Directions for this task: Give the listing again, word for word, and let no picture into it.

Data shown:
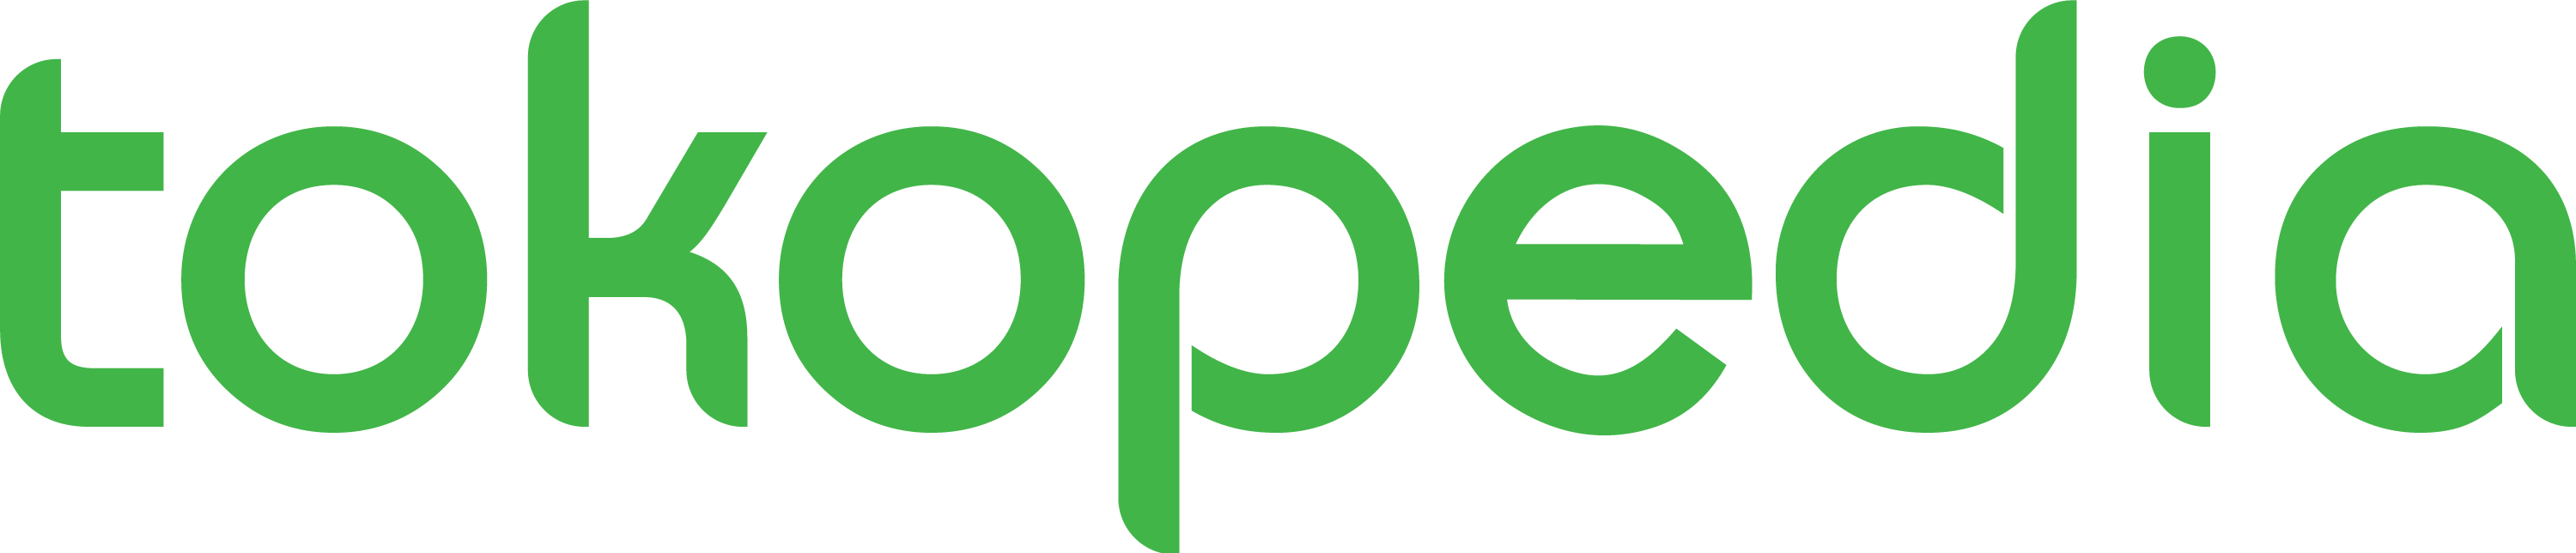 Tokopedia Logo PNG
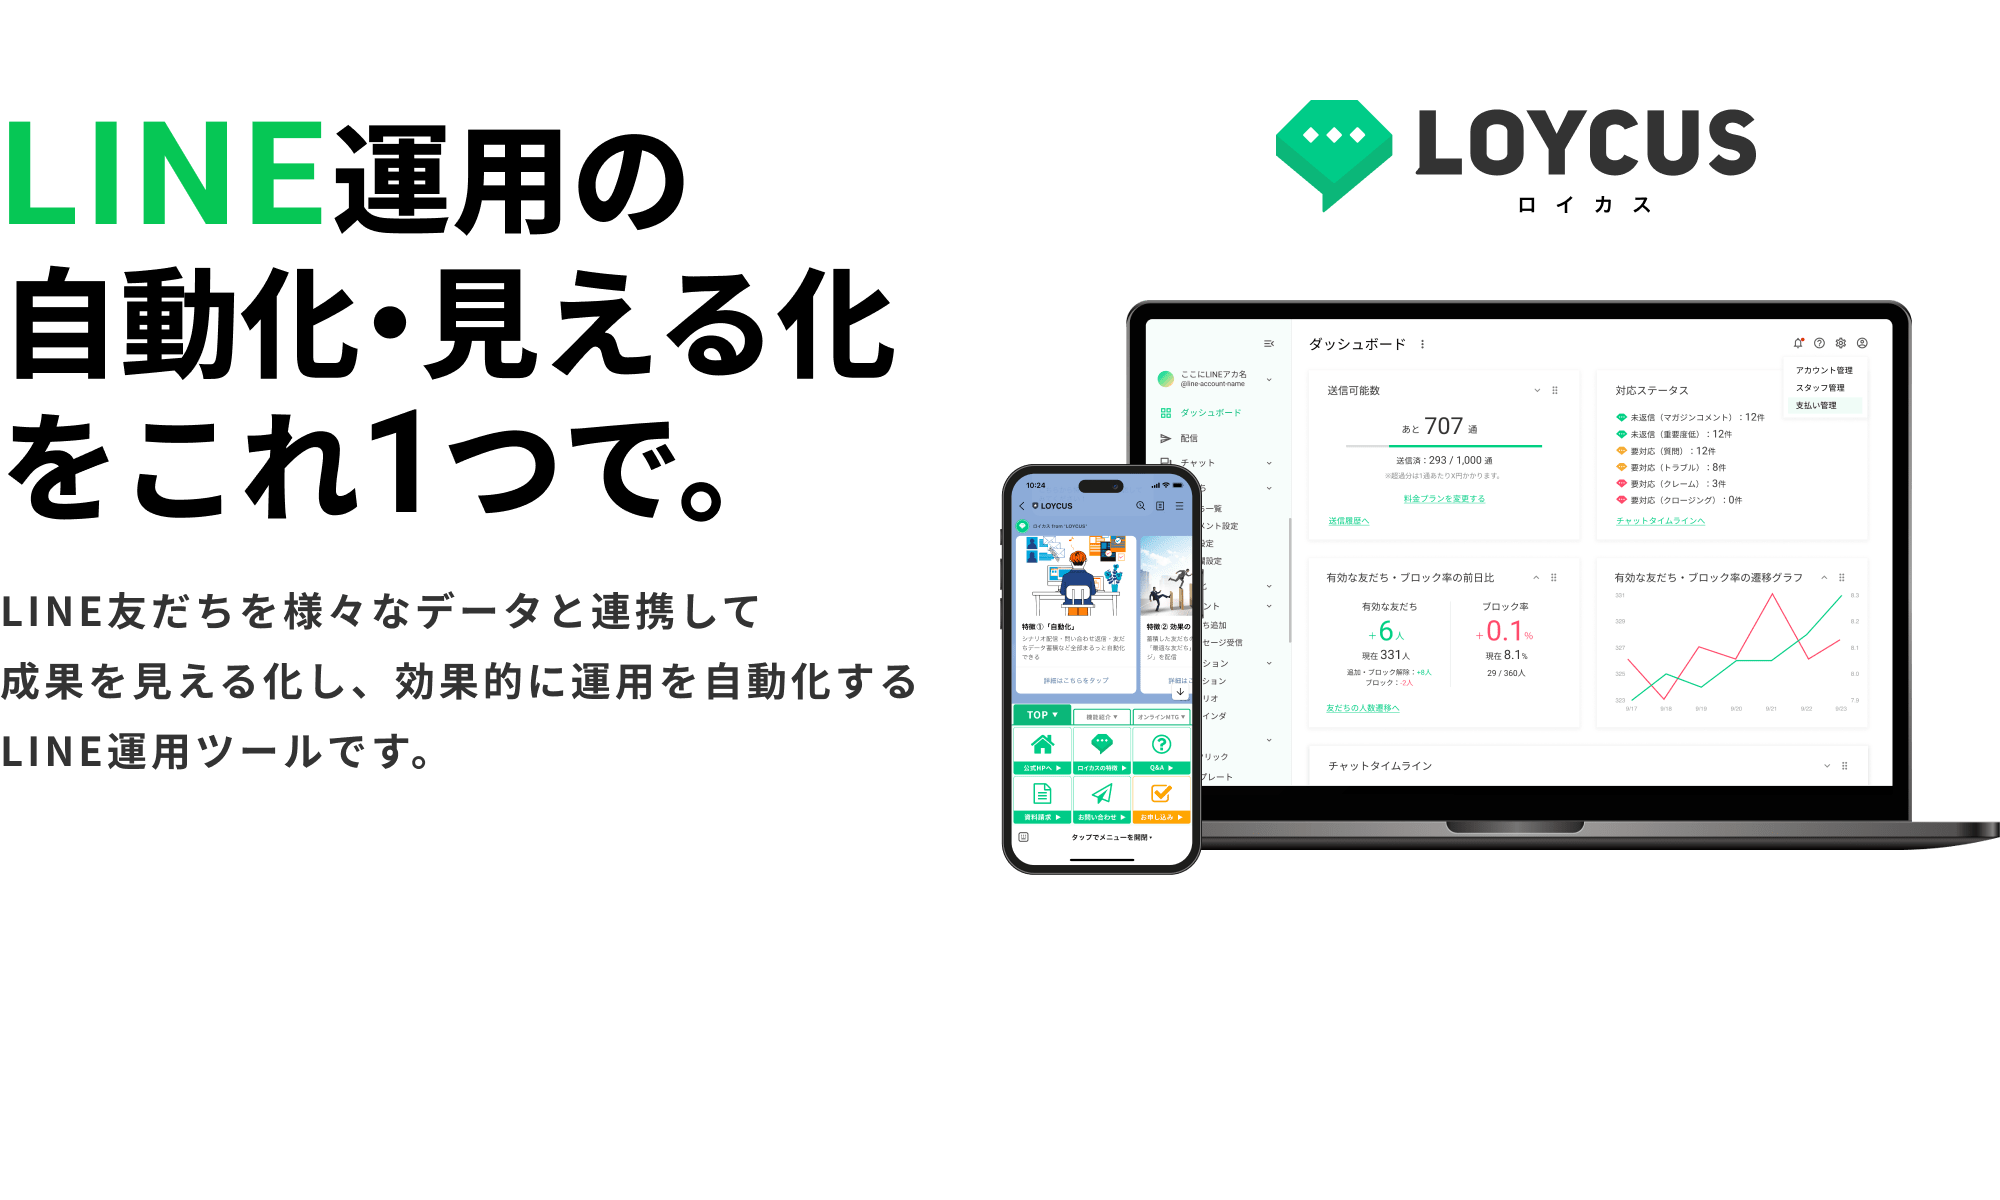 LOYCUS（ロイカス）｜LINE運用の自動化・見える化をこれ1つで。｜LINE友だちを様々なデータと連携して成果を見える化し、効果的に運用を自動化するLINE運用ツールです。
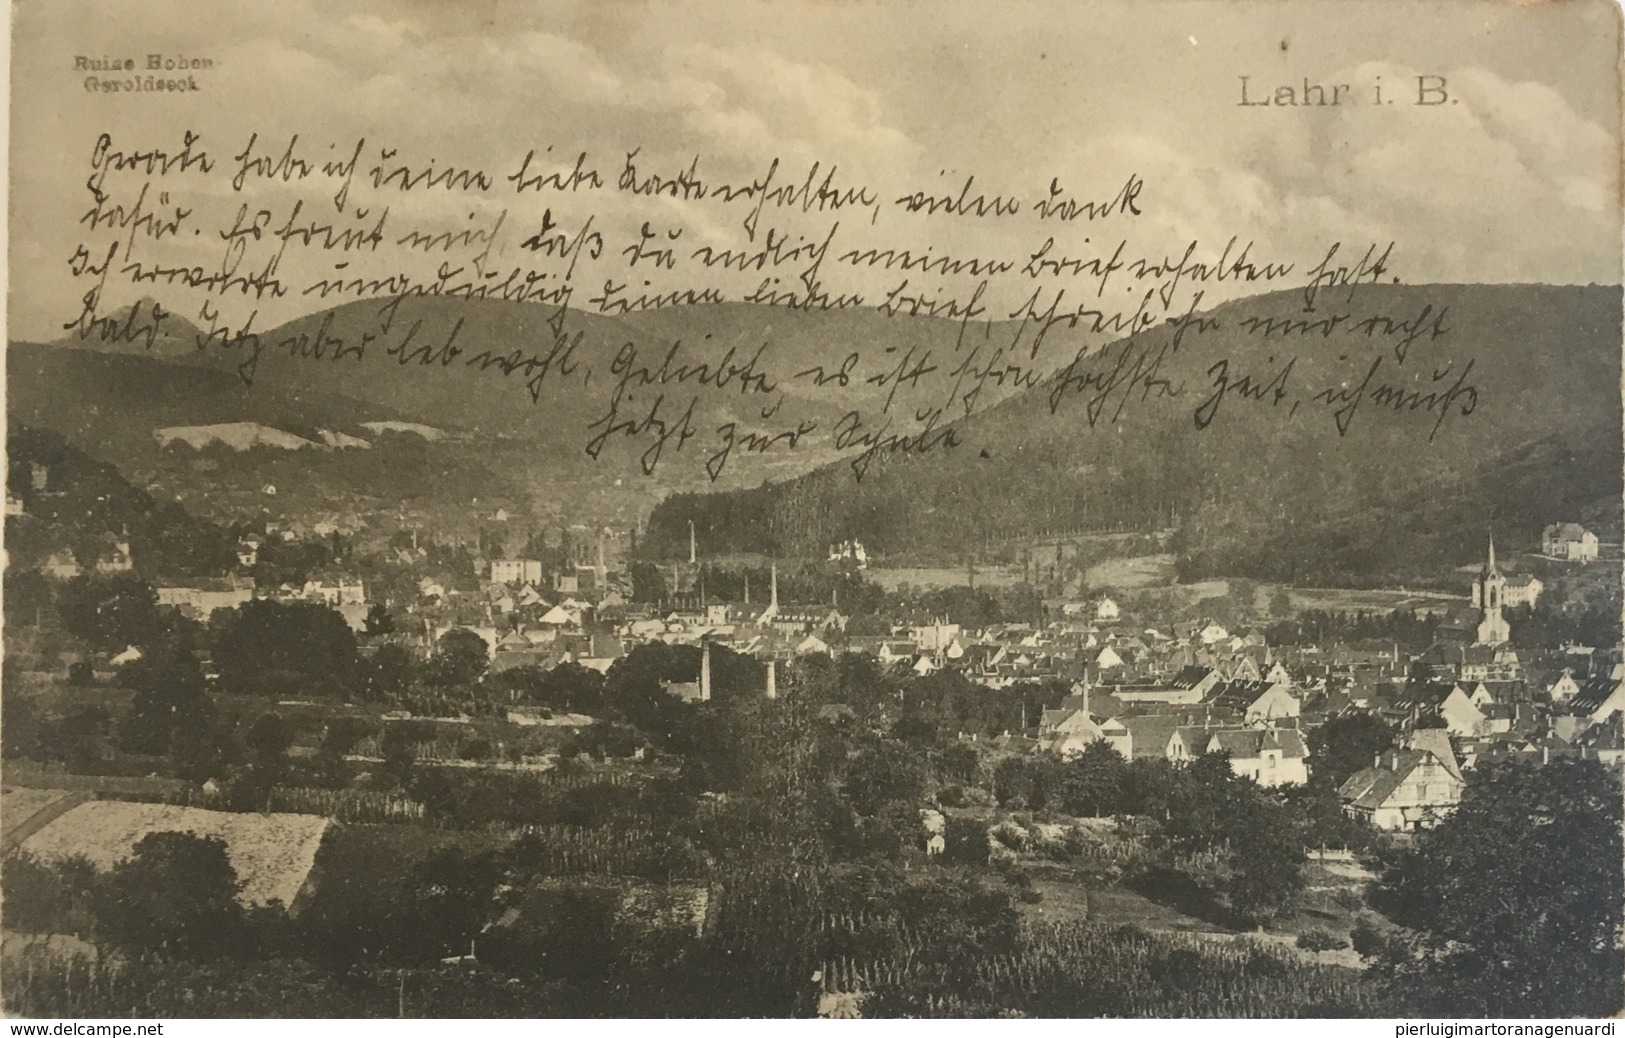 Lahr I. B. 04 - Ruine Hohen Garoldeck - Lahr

Answer section:
 Tokopedia Logo PNG
 LOYCUS（ロイカス）｜LINE運用の自動化・見える化をこれ1つで。｜LINE友だちを様々なデータと連携して成果を見える化し、効果的に運用を自動化するLINE運用ツールです。
 Lahr I. B. 04 - Ruine Hohen Garoldeck - Lahr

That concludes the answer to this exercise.